Functional analysis of ATM variants in a high risk cohort provides insight into missing heritability


Early surveillance and prophylactic surgery for high risk women can address the pattern of ovarian cancer disease presentation, but neither is advised for the general population or even the majority of patients at moderate risk. Cancer genetic testing can be crucial in identifying people who would benefit from early surveillance and more thorough testing. In turn, improving cancer detection at an early stage when it is most treatable and possibly curable can significantly increase the survival of the most vulnerable patients. In diagnosing hereditary cancer and counselling patients with pedigrees suggestive of such a condition, variations of uncertain significance (VUS) continue to provide a difficulty.

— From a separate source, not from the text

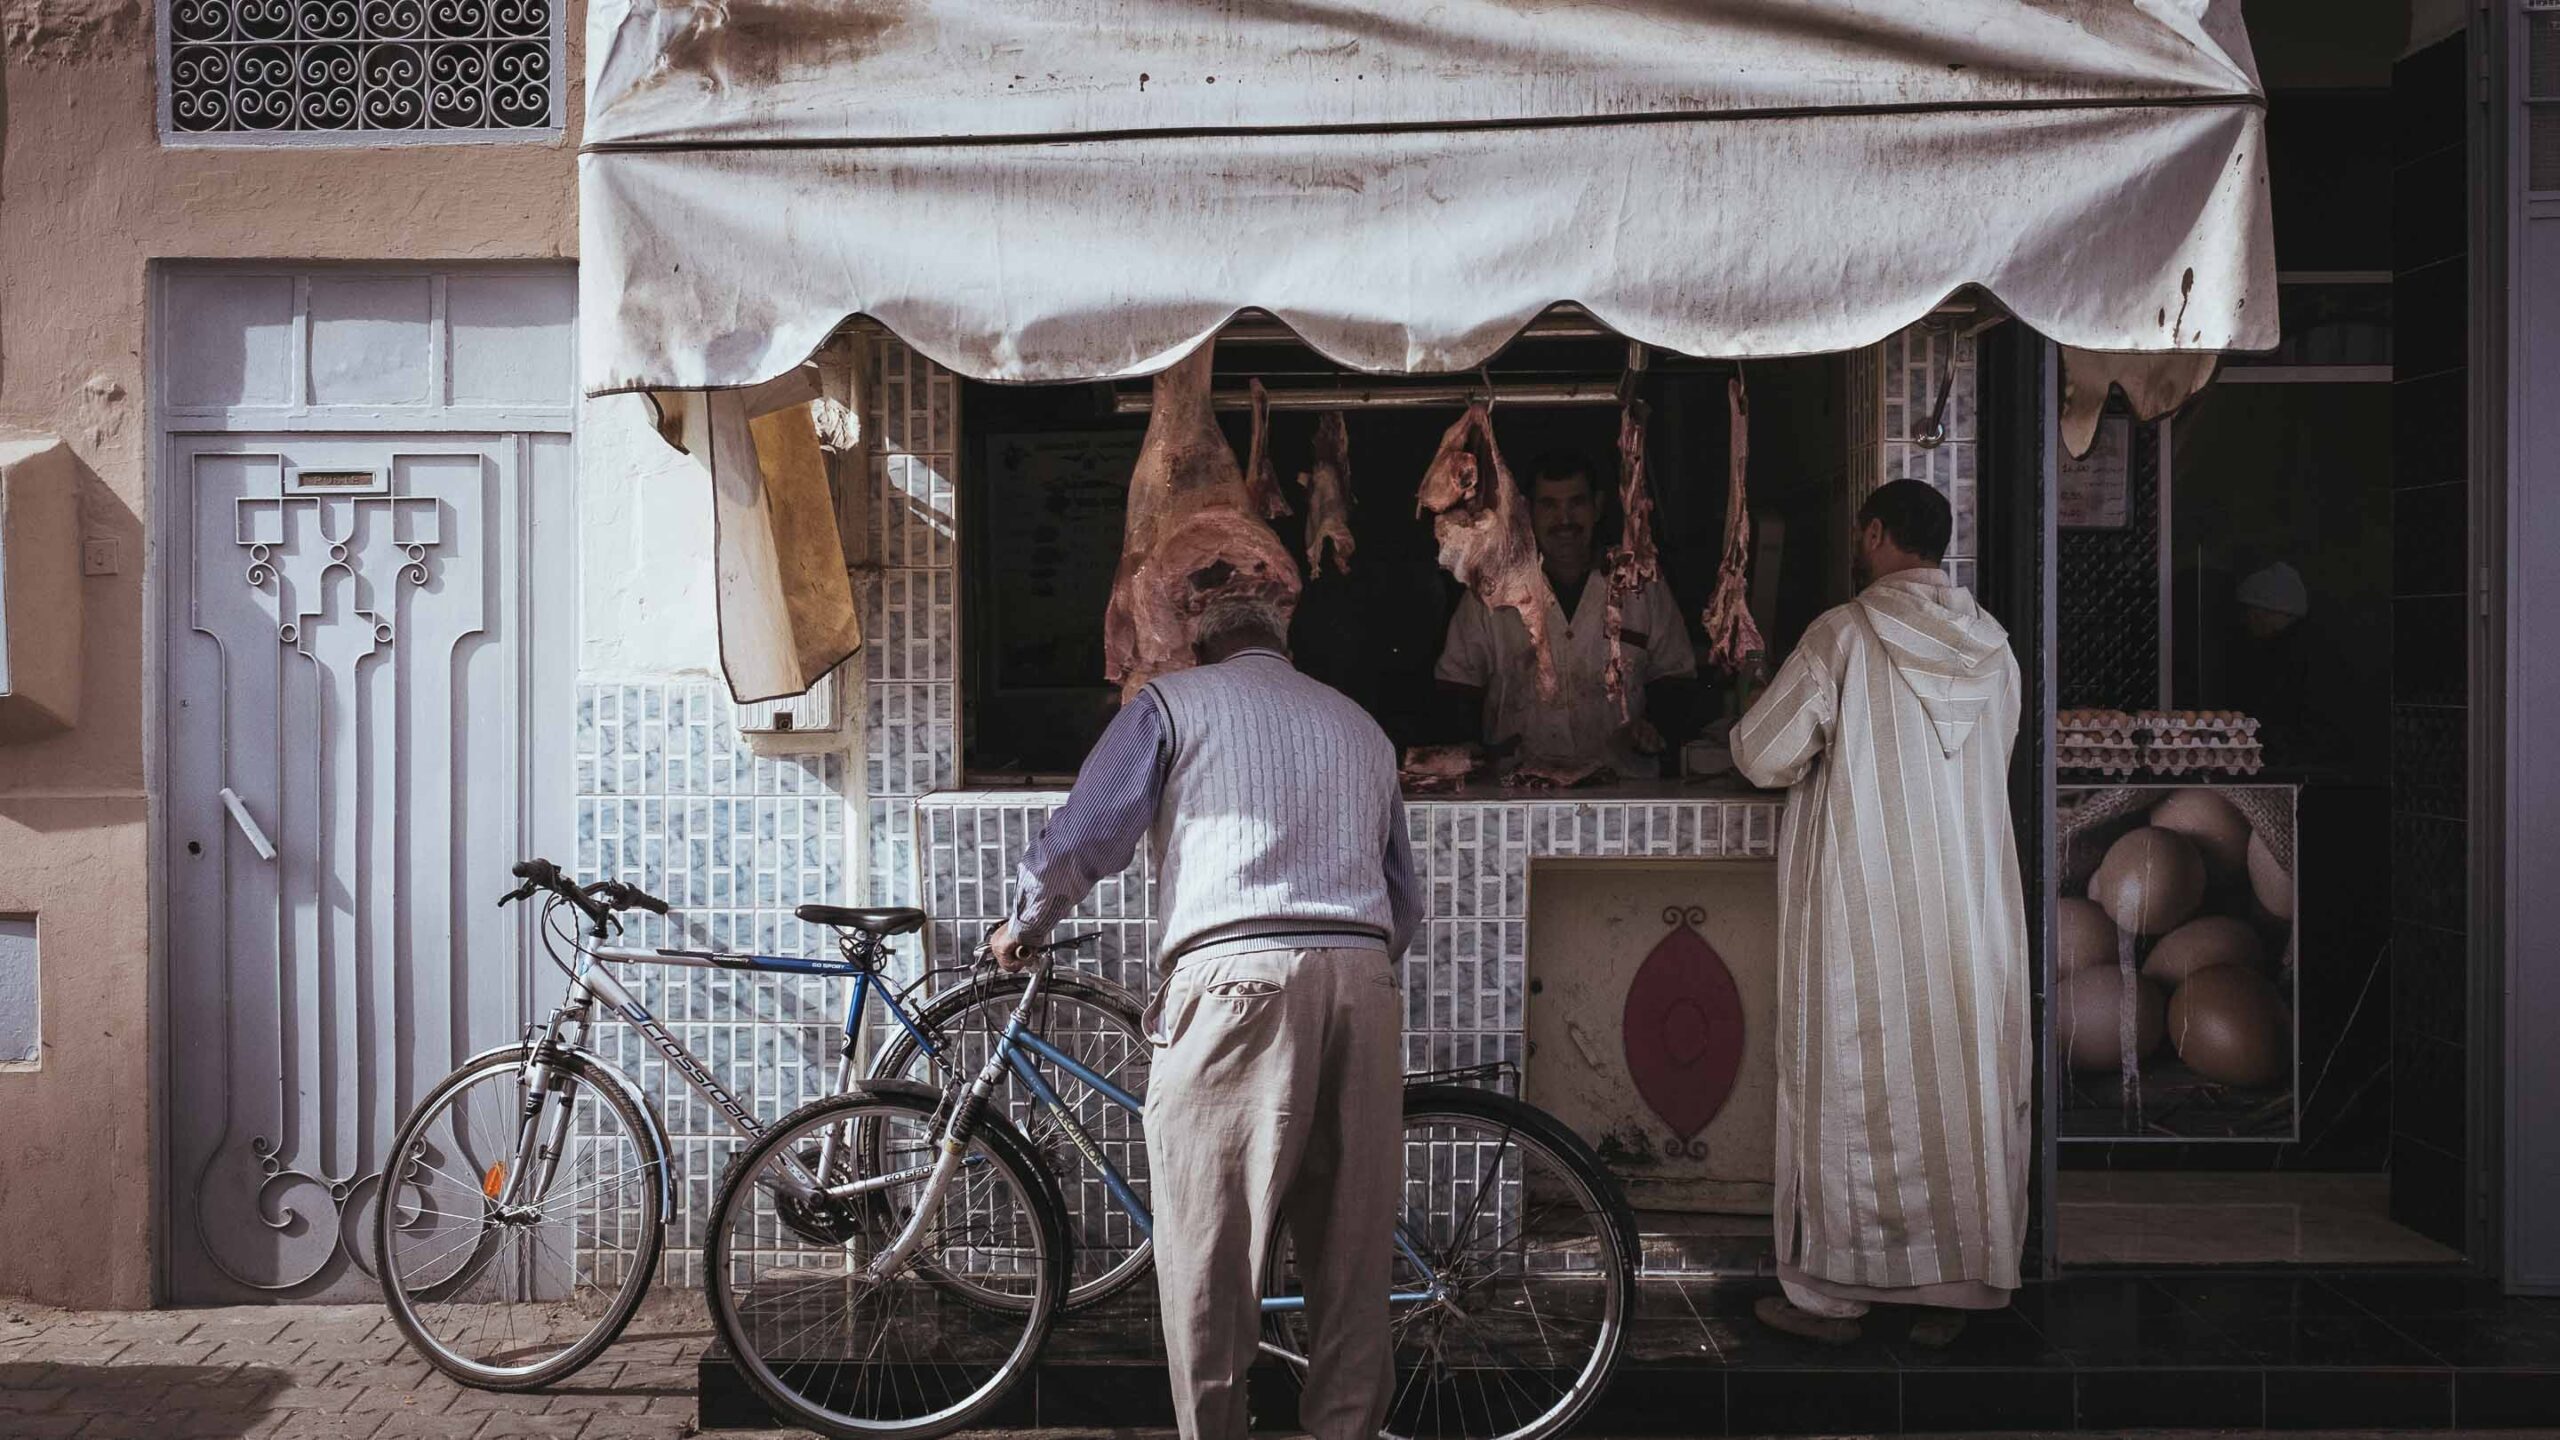 This picture shows a butcher shop in Morocco.
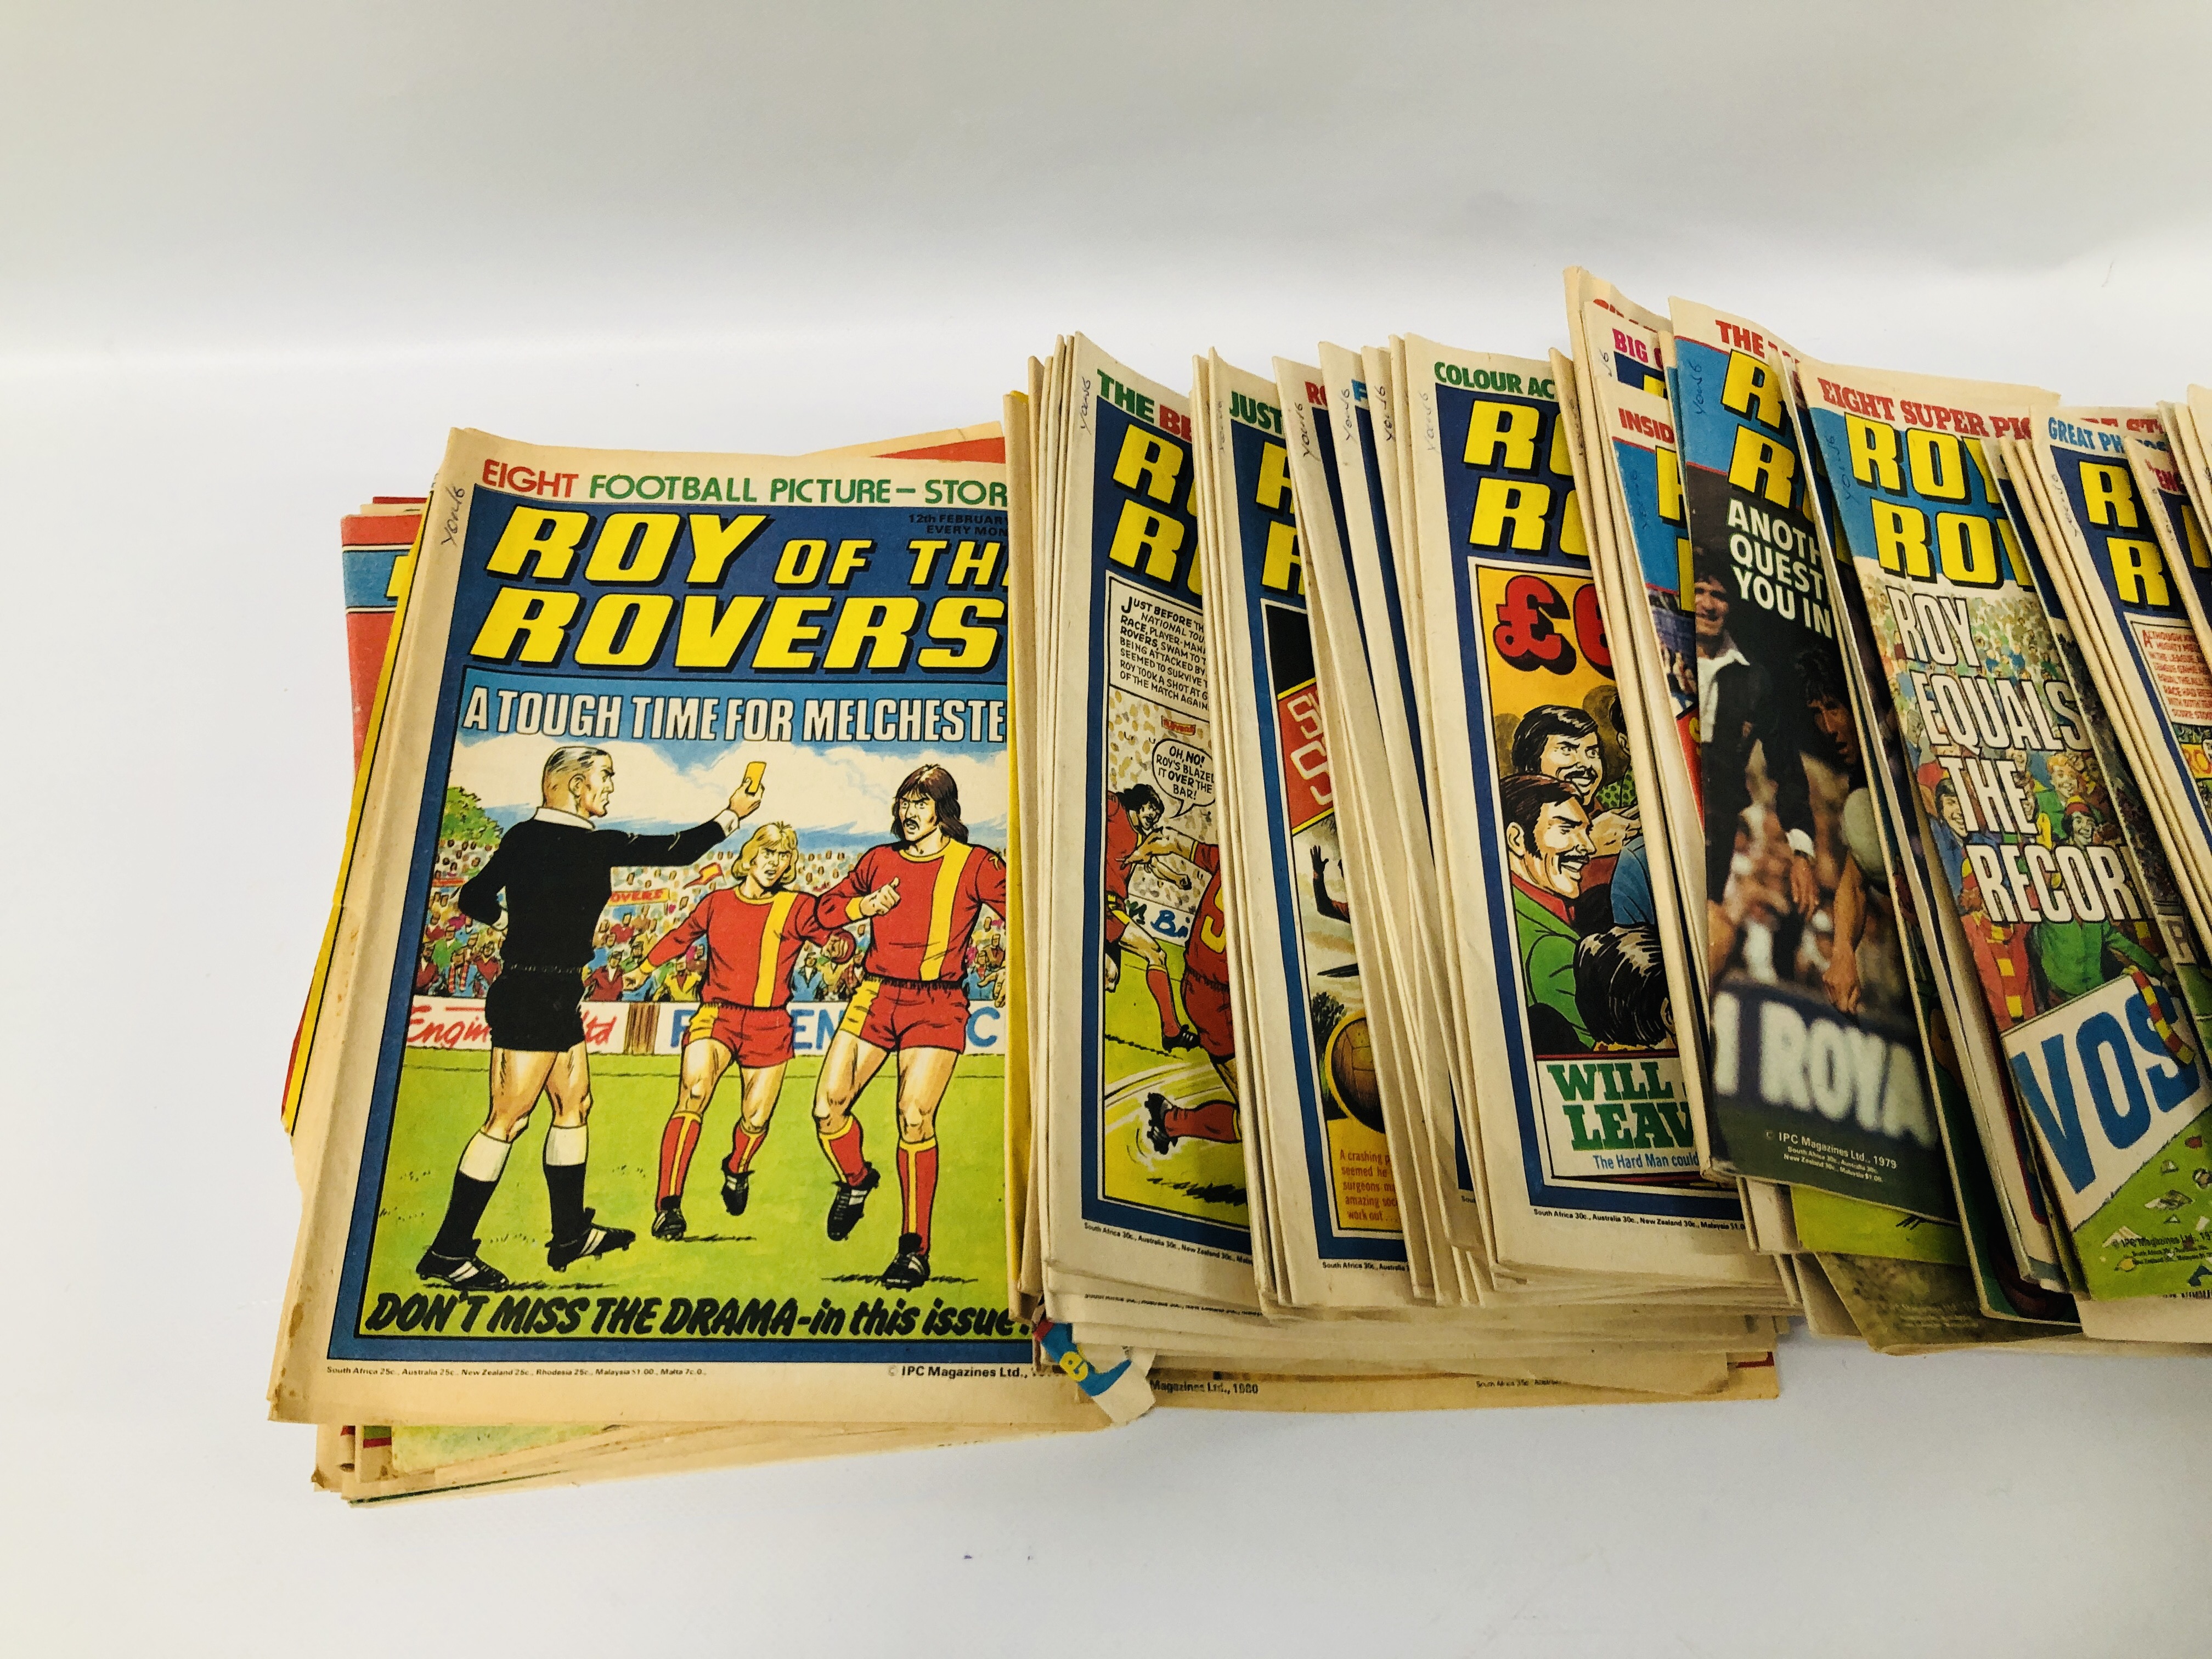 COLLECTION OF VINTAGE MAGAZINES TO INCLUDE MAINLY "ROY OF THE ROVERS" ETC. - Image 2 of 5

In reaction to DNA double-strand breaks, the protein kinase ataxia telangiectasia mutated (ATM) plays a critical function. Ataxia Telangiectasia (AT), a rare genomic instability condition marked, among other things, by an increased risk of cancer, is brought on by both heterozygous and homozygous hereditary mutations in the ATM gene. The ATM gene is located on chromosome 11 and provides instructions for making the ATM protein, a key effector in the cellular response to DNA damage. The protein activates after the detection of damaged or broken DNA strands and activates enzymes that repair the broken DNA. Heterozygous germline ATM pathogenic variants are associated with an increased risk for developing a variety of cancers, including breast, colon, prostate, gastric, pancreatic, melanoma, and ovarian and possibly other cancers. The ATM gene is considered a moderate penetrance gene, meaning the risk of developing a malignancy in an individual who carries a pathogenic variant is two to four times that of the general population. The risks vary with the specific variant and are associated with family history. Due to the moderate penetrance of the ATM gene, patient counselling has proven difficult.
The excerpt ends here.